Based on the results of the enzymatic assay, we determined EA-AP and En-AP among A. pectinifera extracts for effective anti-melanogenic activity. Thus, to exclude the possibility that inhibitory effects of EA-AP and En-AP on melanogenesis might be caused by the inhibition of melan-a cell growth, we compared the number of cell growth in the presence and absence of these extracts. We observed the cell viability with MTT assay after treatment of EA-AP and En-AP with different concentrations. After treatment, 50% of cell viability presenting concentration (IC₅₀ values) of EA-AP was 125 μg/ml while the IC₅₀ of En-AP was over 500 μg/ml at tested maximum concentrations (Fig. 3 and Table II). A positive control, the IC₅₀ of arbutin, was 1,041 μg/ml and it induced no cytotoxicity at below 500 μg/ml (data not shown). These results showed that EA-AP induced more cell cytotoxicity than En-AP. Therefore, in this study, we tested further experiments such as melanin synthesis, cellular tyrosinase activity, related gene and protein expression in melan-a cells at concentrations below IC₅₀ of EA-AP and En-AP.

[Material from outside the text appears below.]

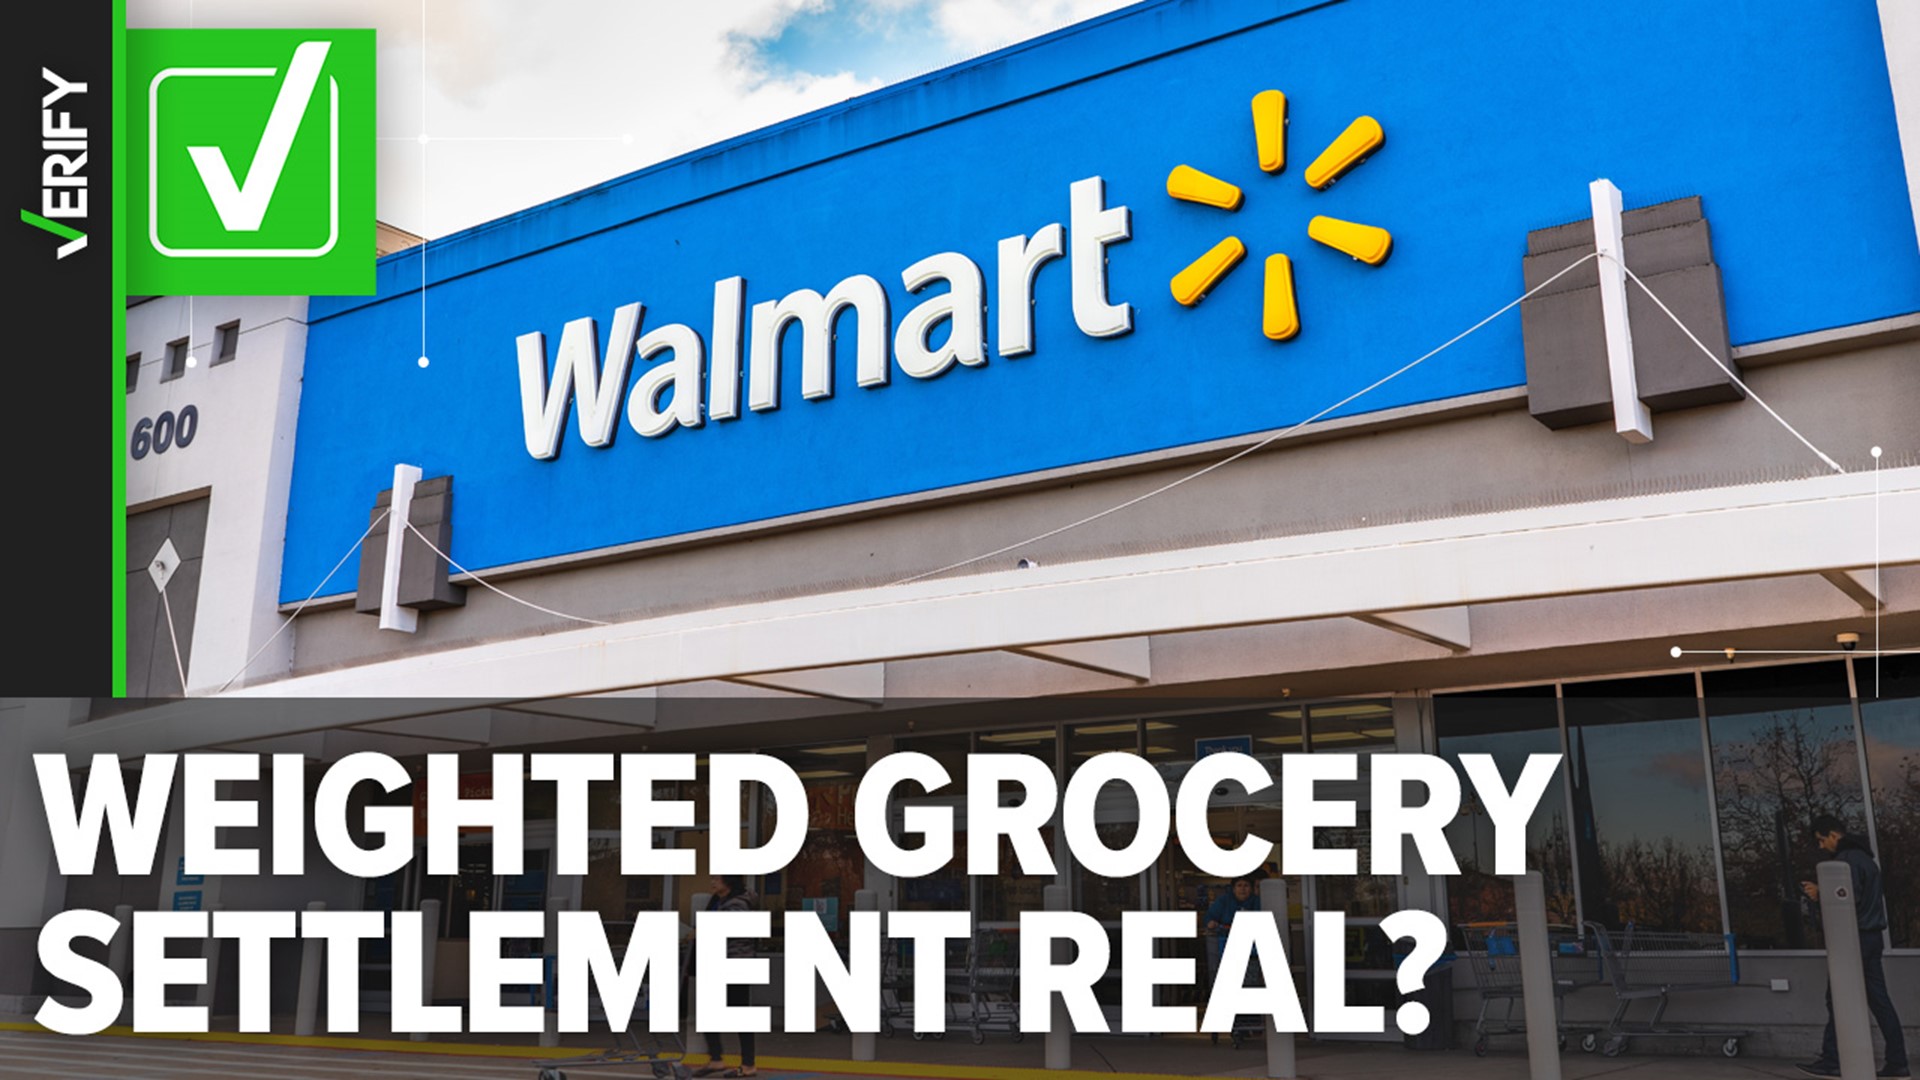 Walmart weighted grocery class action lawsuit settlement is real
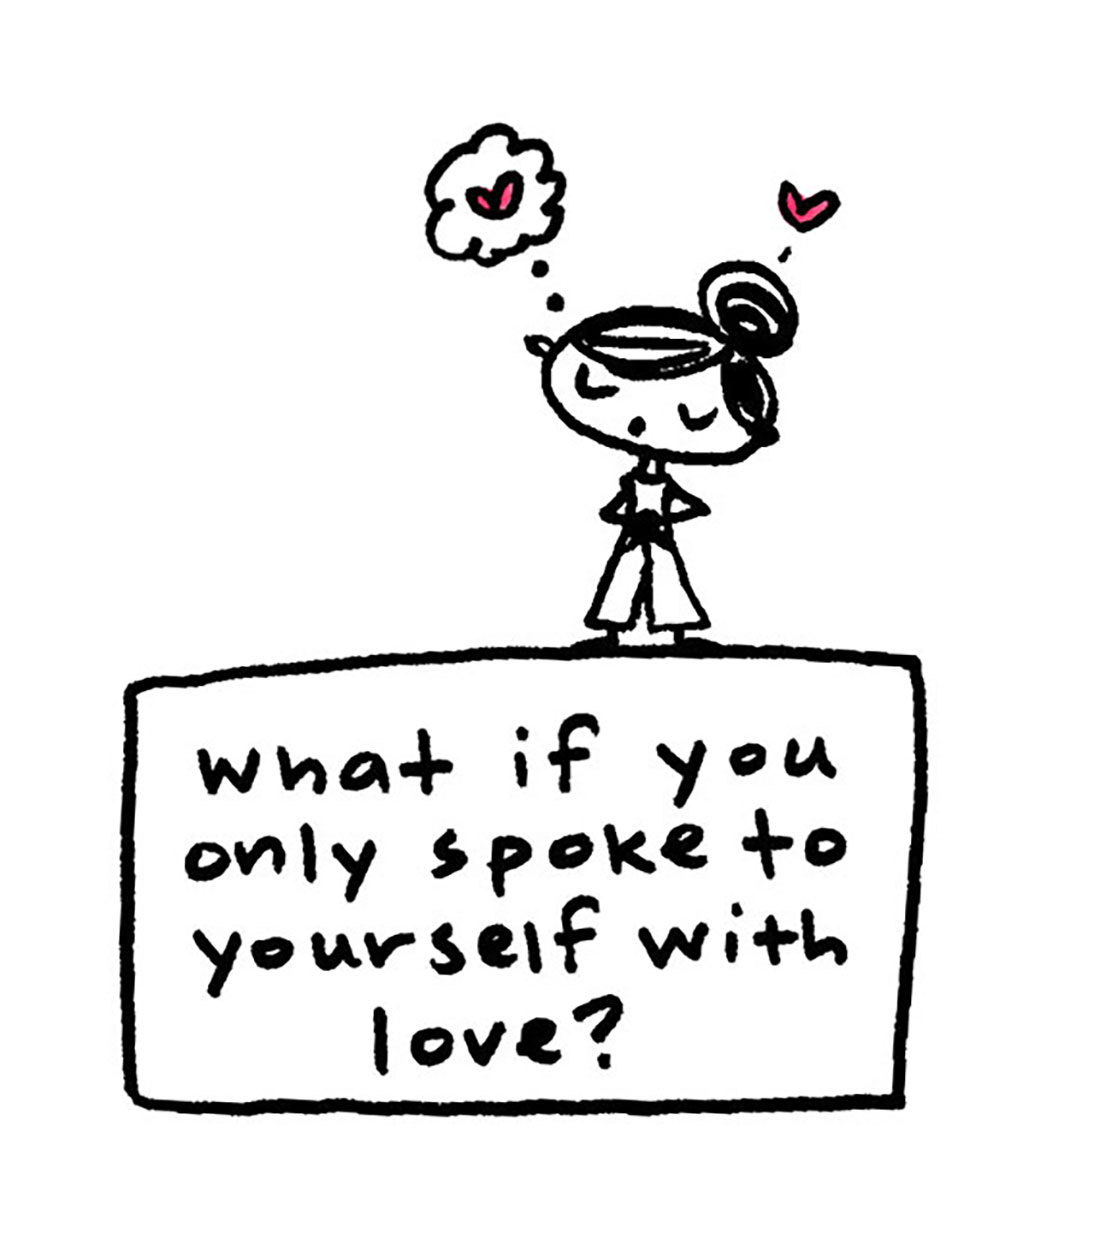 what if you only spoke to yourself with love.

To evaluate the inhibitory effect of EA-AP and En-AP on melanin content and cellular tyrosinase activity, melan-a cells were treated with different concentrations of these extracts. The inhibitory effect of EA-AP and En-AP on melanin content is shown in Fig. 4. The levels of melanin in the melan-a cells were reduced significantly as a result of the EA-AP (Fig. 4A) and En-AP treatment (Fig. 4B) when compared to the TPA-treated control group. In addition, to measure cellular tyrosinase activity, instead of using mushroom tyrosinase, cell lysates prepared from the melan-a cells treated with TPA were used as a tyrosinase source. The EA-AP and En-AP showed an inhibitory effect on cellular tyrosinase activity in a dose-dependent manner (Fig. 5). The 50% inhibitory concentration of melanin secretion and cellular tyrosinase activity in melan-a cells was approximately 31.3 μg/ml of EA-AP and 250 μg/ml of En-AP (Table II). Moreover, the effective concentration of En-AP was only slightly cytotoxic to melan-a cells while EA-AP induced cytotoxicity in a dose-dependent manner. Arbutin and ascorbic acid as a positive control showed a significant reduction of the melanin secretion and cellular tyrosinase activity (P<0.05) (Figs. 4 and 5), respectively. These results suggest that the inhibitory effect of EA-AP and En-AP on melanin synthesis appear to be well-correlated with the measurement of mushroom tyrosinase activity and cellular tyrosinase activity.

To investigate whether EA-AP and En-AP affect the expression of melanogenesis-related proteins including tyrosinase, TRP-1 and Dct, these proteins levels were examined in melan-a cells in the presence of TPA using western blot analysis after treating with various concentrations of EA-AP and En-AP for 72 h. Levels of melanogenesis-related protein, tyrosinase, TRP-1 and Dct were reduced after EA-AP (Fig. 6A) and En-AP (Fig. 6B) treatment in a dose-dependent manner. To examine whether the inhibition of tyrosinase-related protein expression by EA-AP and En-AP was due to decreased level transcription, we tested real time PCR using specific primers. The mRNA level of tyrosinase, TRP-1 and Dct was significantly decreased by treatment with EA-AP (P<0.05) (Fig. 7A) and En-AP (P<0.05) (Fig. 7B). Arbutin as a positive control showed a significant reduction of gene and protein levels of tyrosinase, TRP-1 and Dct in a dose-dependent manner while only TPA-treated cells markedly increased gene and protein levels in tyrosinase, TRP-1 and Dct (Figs. 6 and 7). These results indicate that the suppressive activity of EA-AP and En-AP on melanogenesis is linked to the downregulation of tyrosinase expression signaling pathways.